» ACTIVITY
Reproduce word for word the line holding "18x36 carport plans, 18x36" and all lines after it in the data, through the end, leaving out pictures.

» DATA EXCERPT
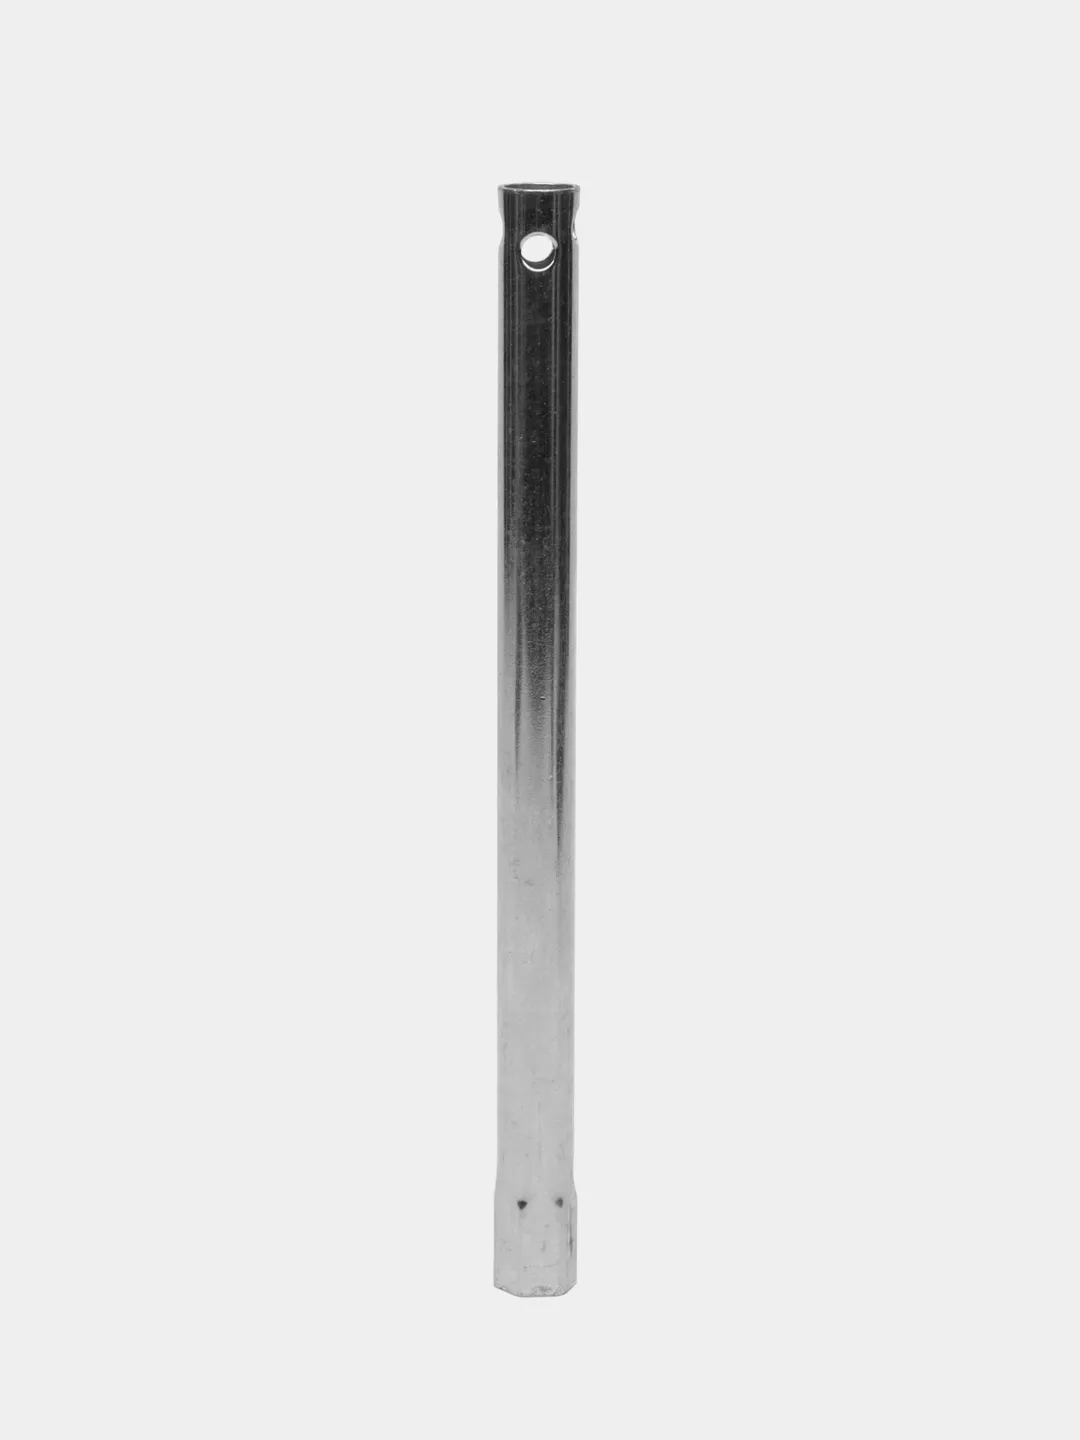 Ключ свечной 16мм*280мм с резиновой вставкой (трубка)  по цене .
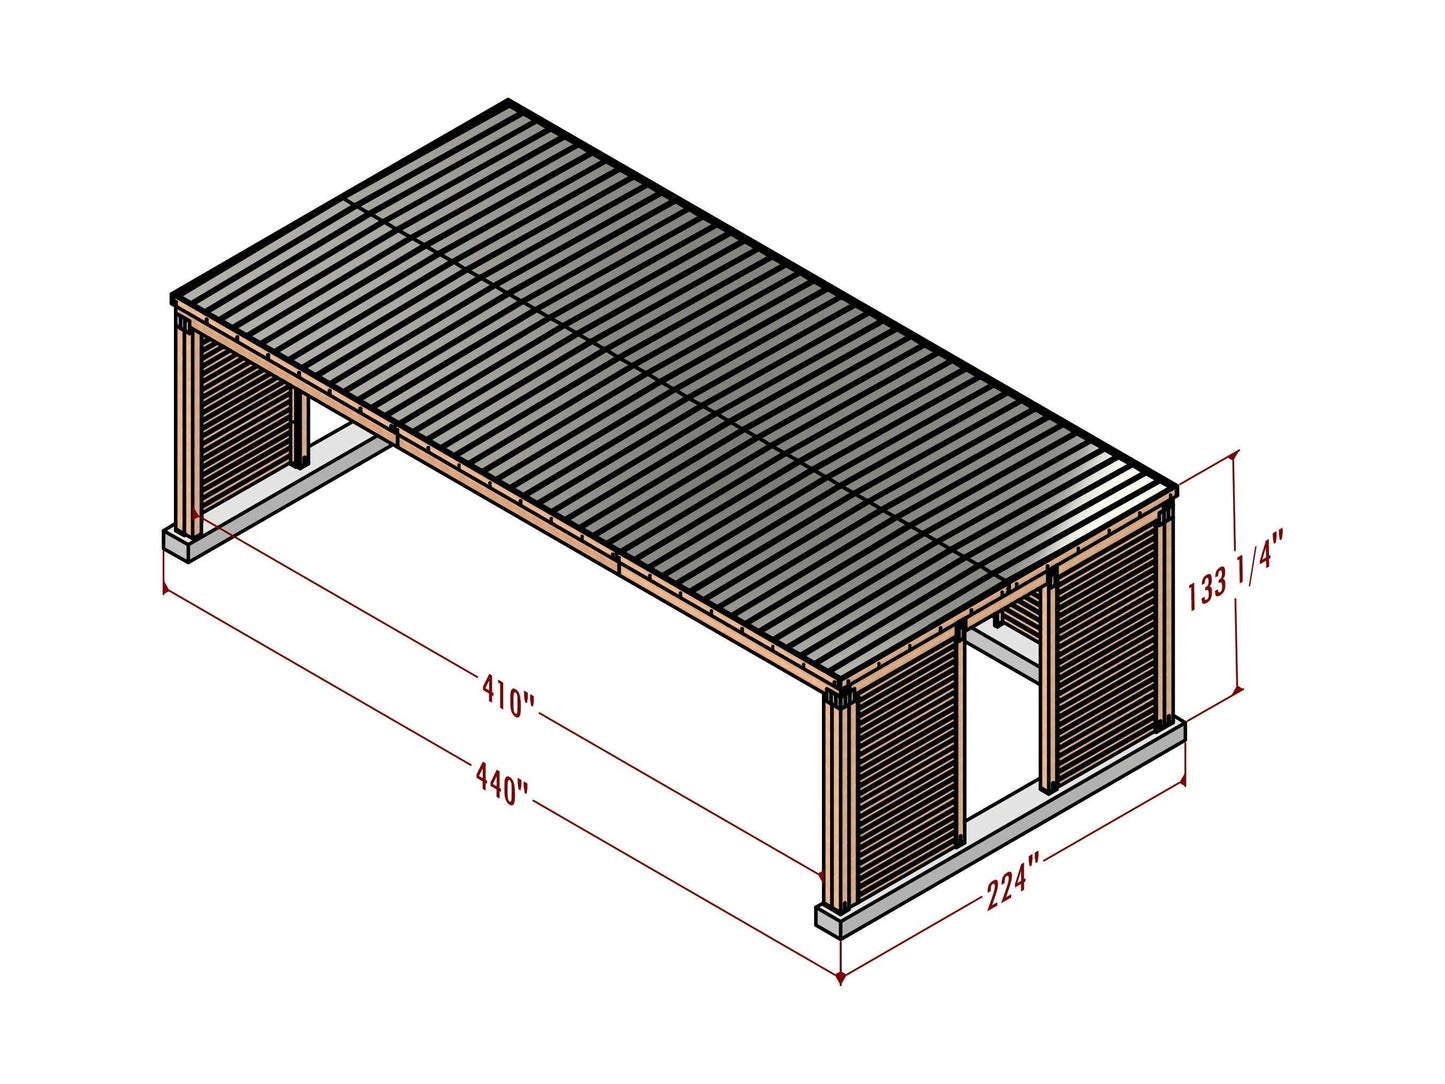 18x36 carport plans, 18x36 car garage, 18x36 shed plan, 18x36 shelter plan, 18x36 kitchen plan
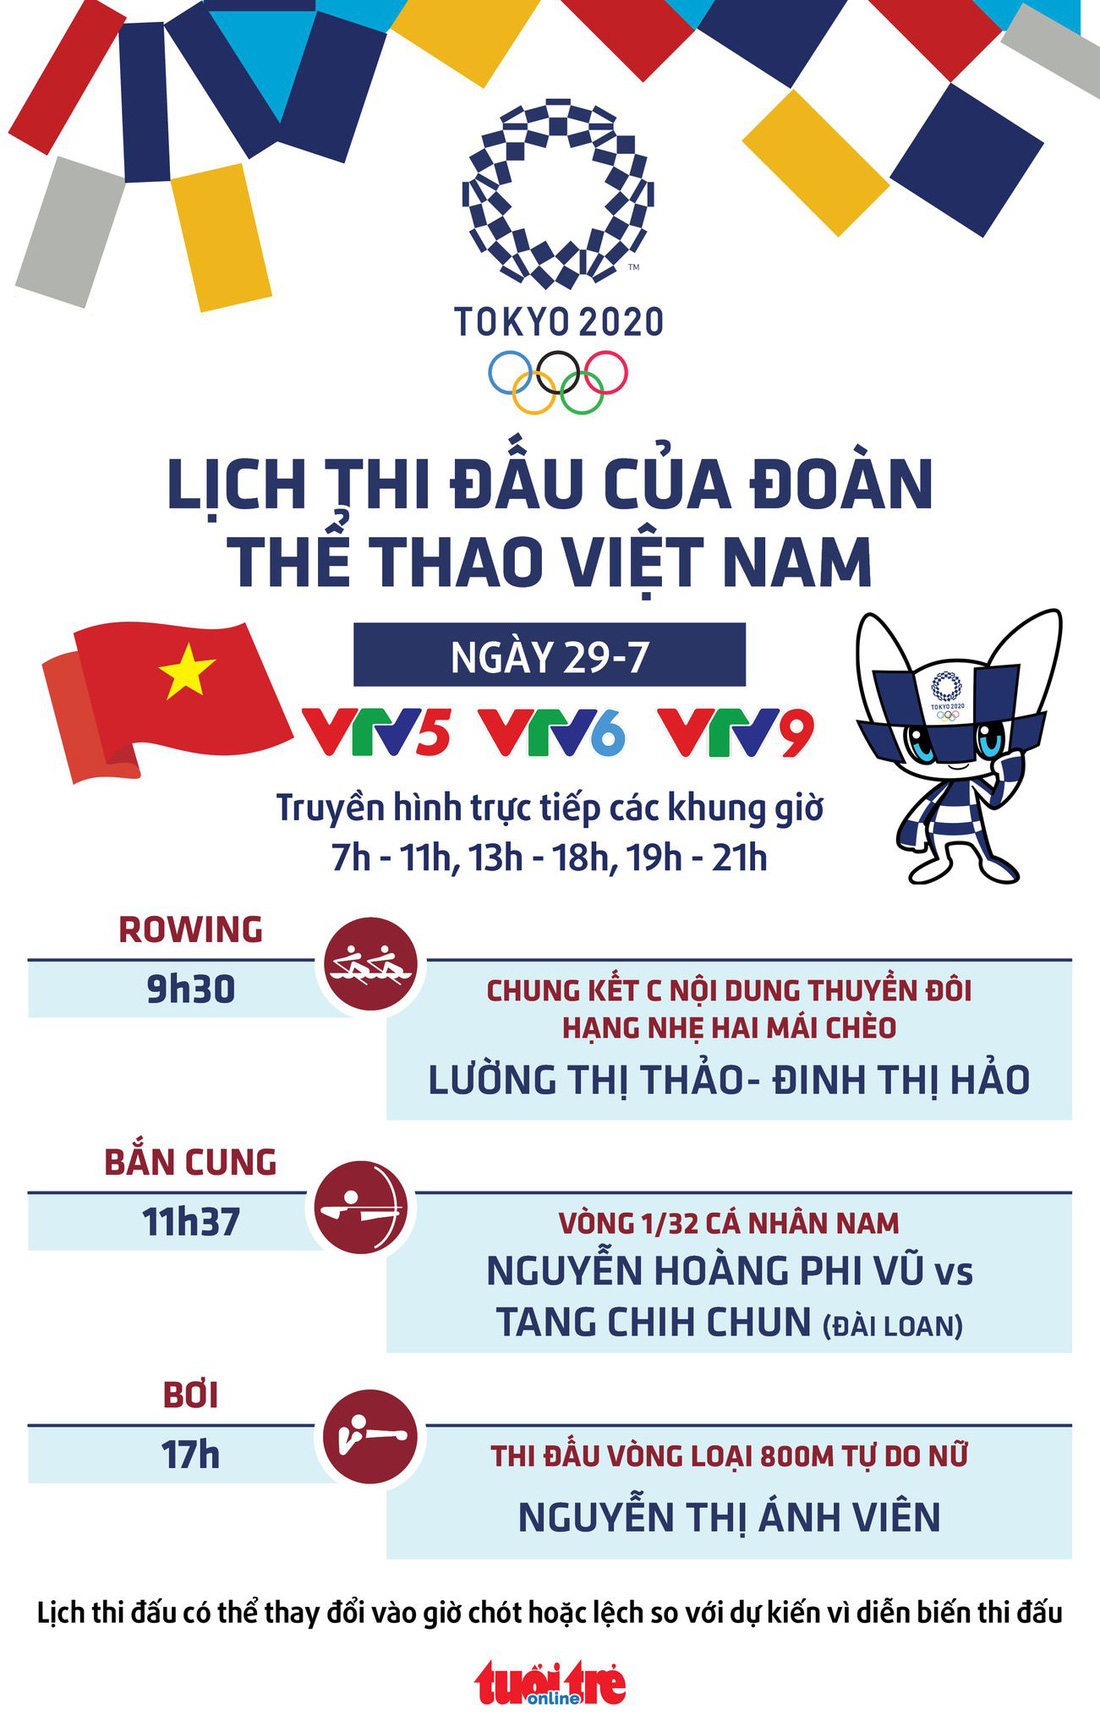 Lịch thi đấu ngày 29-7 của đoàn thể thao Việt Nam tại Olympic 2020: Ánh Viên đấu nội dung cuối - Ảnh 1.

» RESPONSE TO THE EXERCISE
 18x36 carport plans, 18x36 car garage, 18x36 shed plan, 18x36 shelter plan, 18x36 kitchen plan
 Lịch thi đấu ngày 29-7 của đoàn thể thao Việt Nam tại Olympic 2020: Ánh Viên đấu nội dung cuối - Ảnh 1.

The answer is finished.